= Hansa Regiment =

Hansa Regiment (Swan Regiment) was a paramilitary unit formed by employees of the Ceylon Transport Board (CTB) during the 1971 JVP insurrection. The Hansa Regiment numbered around 2,000 lightly armed CTB trade unions members with leftist affiliations that assisted the Government of Ceylon to suppress the armed revolt of the communist Janatha Vimukthi Peramuna (JVP).
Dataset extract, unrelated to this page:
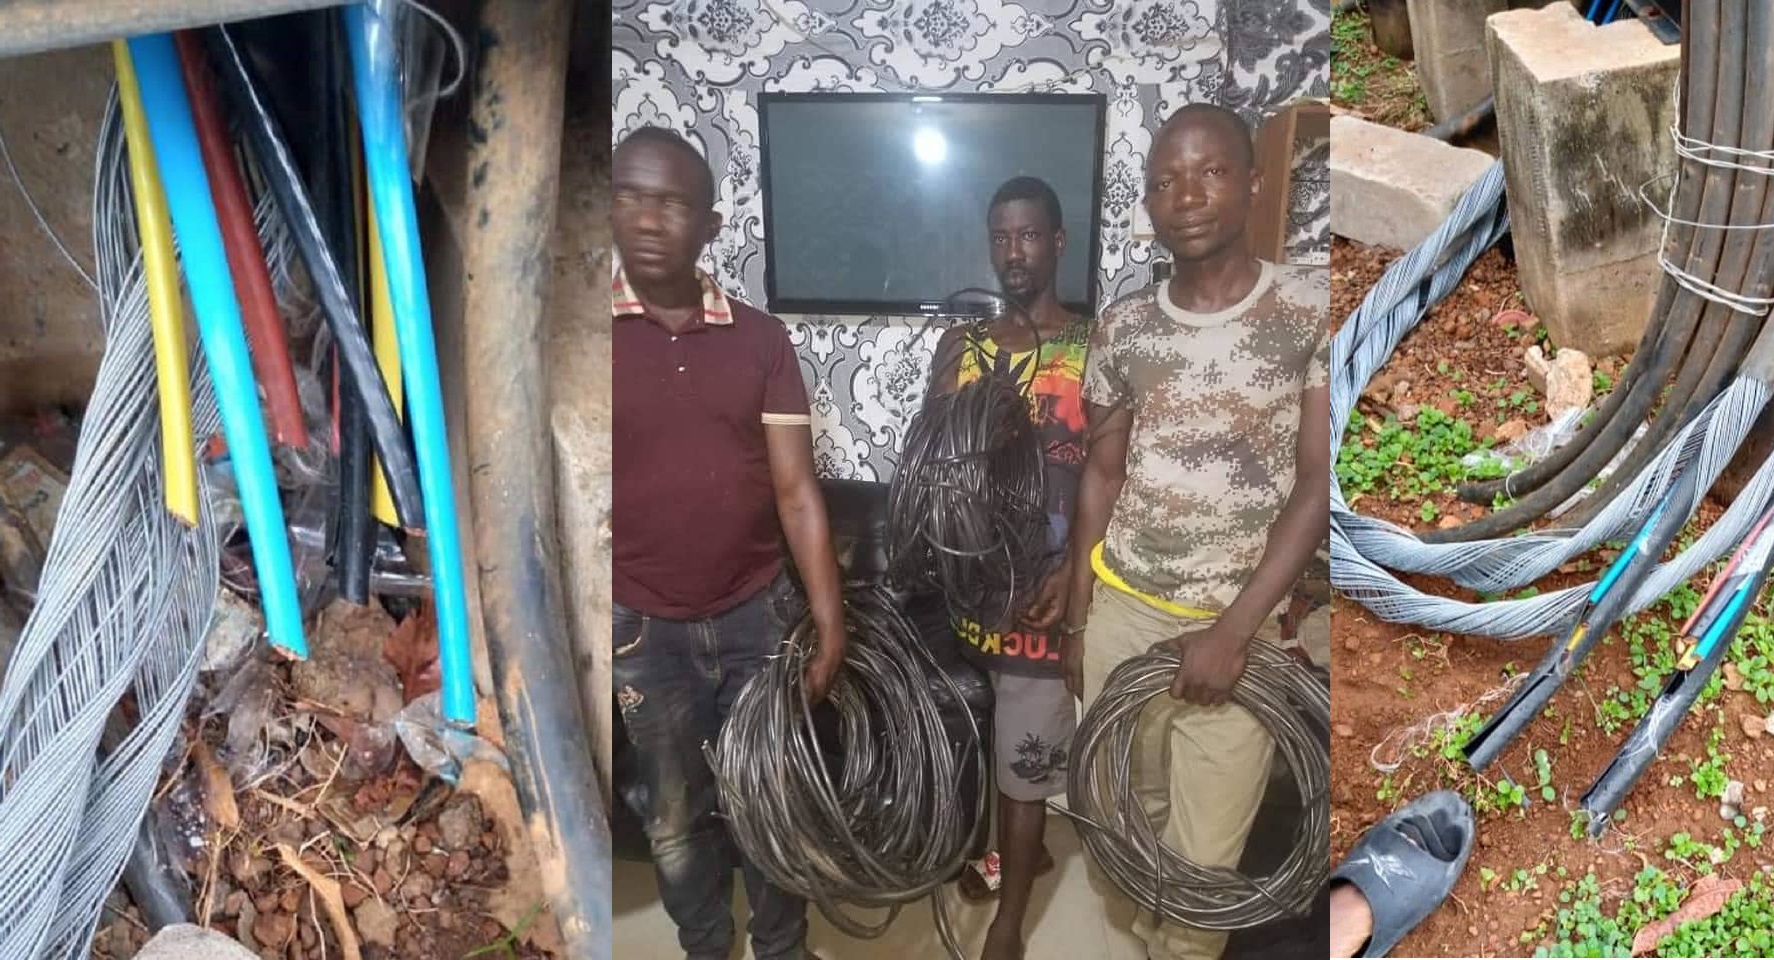 Notorious Thieves Who Specialize in Stealing EDSA Cables Finally Arrested in Freetown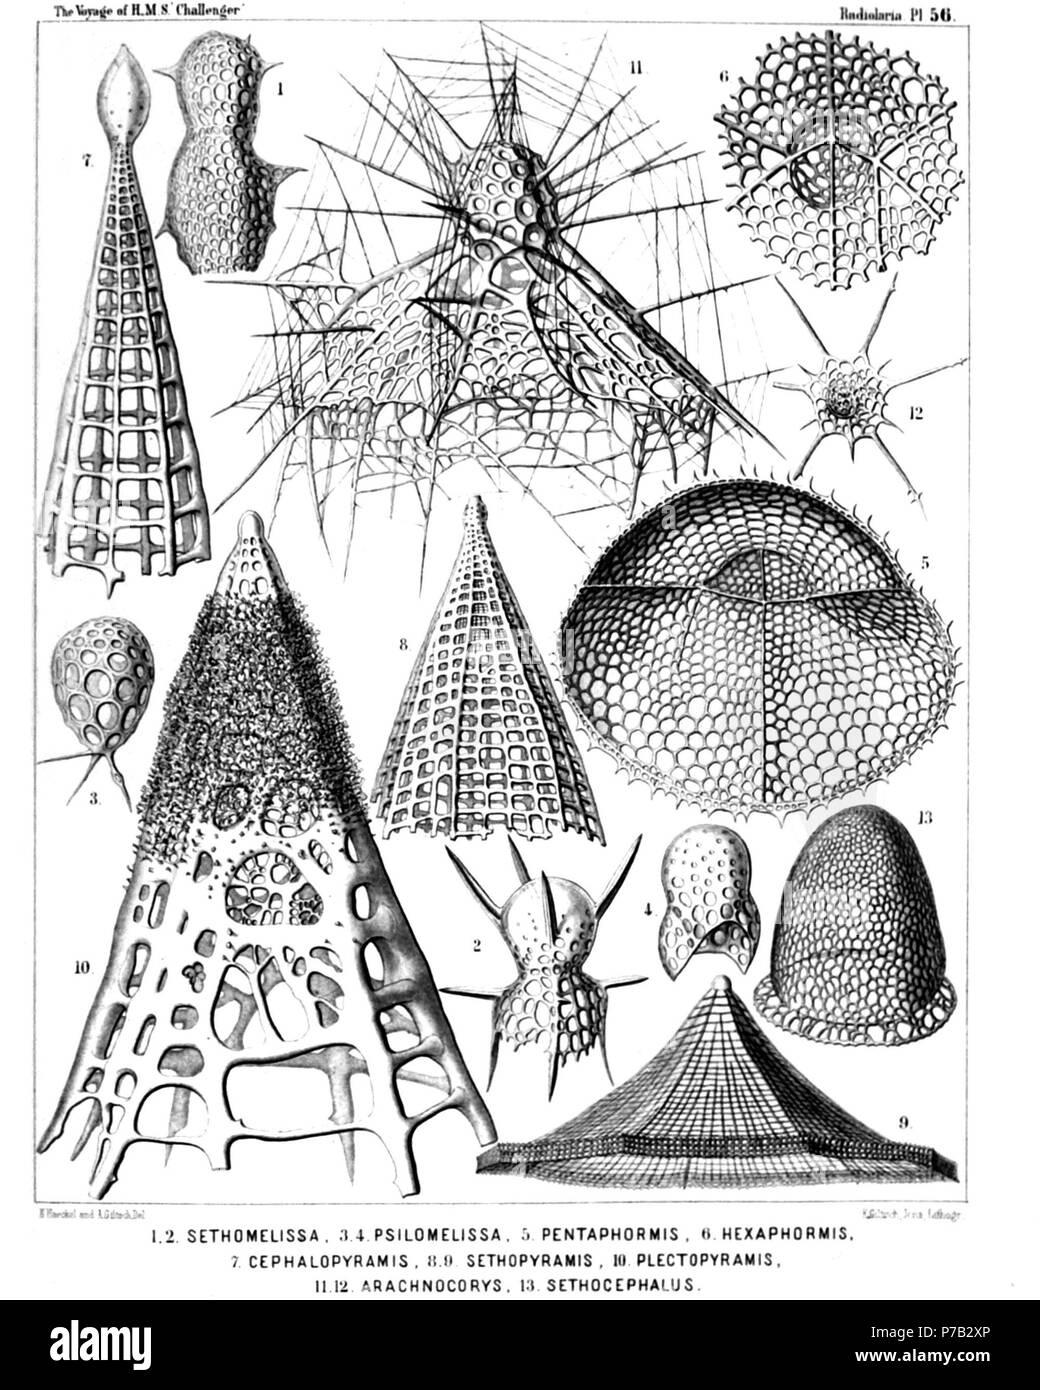 English: Illustration from Report on the Radiolaria collected by H.M.S. Challenger during the years 1873-1876. Part III. Original description follows:  Plate 56. Tripocyrtida, Anthocyrtida et Sethocyrtida.  Diam.  Fig. 1. Lithomelissa bütschlii, n. sp. (vel Sethomelissa bütschlii), × 400  Fig. 2. Lithomelissa decacantha, n. sp. (vel Sethomelissa decacantha), × 400  Fig. 3. Psilomelissa calvata, n. sp., × 400  The cephalis alone, with the three collar beams.  Fig. 4. Lychnodictyum scaphopodium, n. sp., × 400  Fig. 5. Sethophormis pentalactis, n. sp. (vel Pentaphormis pentalactis), × 400  Obliqu Stock Photo

Formed in April 1971, by the Trotskyist Chairmen of the CTB, Anil Moonesinghe it numbered around 2,000 mainly from the members of the CTB trade unions affiliated to the governing Sri Lanka Freedom Party (SLFP) and Communist Party (CP). As the insurrection brock out the SLFP government of Prime Minister Sirima Bandaranaike which had not heeded early warring of the insurrection, found itself unprepared to deal with the magnitude of insurrection. Its military and police lacked numbers and was short on arms in the initial days of the insurrection, which allowed the JVP to capture large parts of the island uncontested. Moonesinghe organised volunteers from among the CTB bus drivers, conductors and mechanics to supplement the police and armed forces. Having them undergo a short basic training at CTB head offices at Narahenpita, Moonesinghe requested for weapons to arm the newly formed Hansa Regiment. Short of weapons, the Prime Minister approved the allocation of 450 shotguns to the unit. Which thereafter dispatched a contingent to the Kegalle District having the personal billeted at the Thulhiriya textile mills under the command of Rajawardhana, who was Moonesinghe's private secretary. They deployed units to police stations in Kegalle and Kurunegala districts, where they saw action against the JVP and sustained casualties. A second contingent was deployed to the Gampaha District under the command of leftist Reggie Mendis. By the end of 1971, with much of the insurrection suppressed the Hansa Regiment was disbanded by the government, although Moonesinghe wanted to retain it as a possible republican guard with affiliations to the Lanka Sama Samaja Party.

CTB bus crews prove to be a good source of local intelligence on the JVP strength and deployment. These reports coded "Cantab" were submitted to the government and were acknowledged by the army.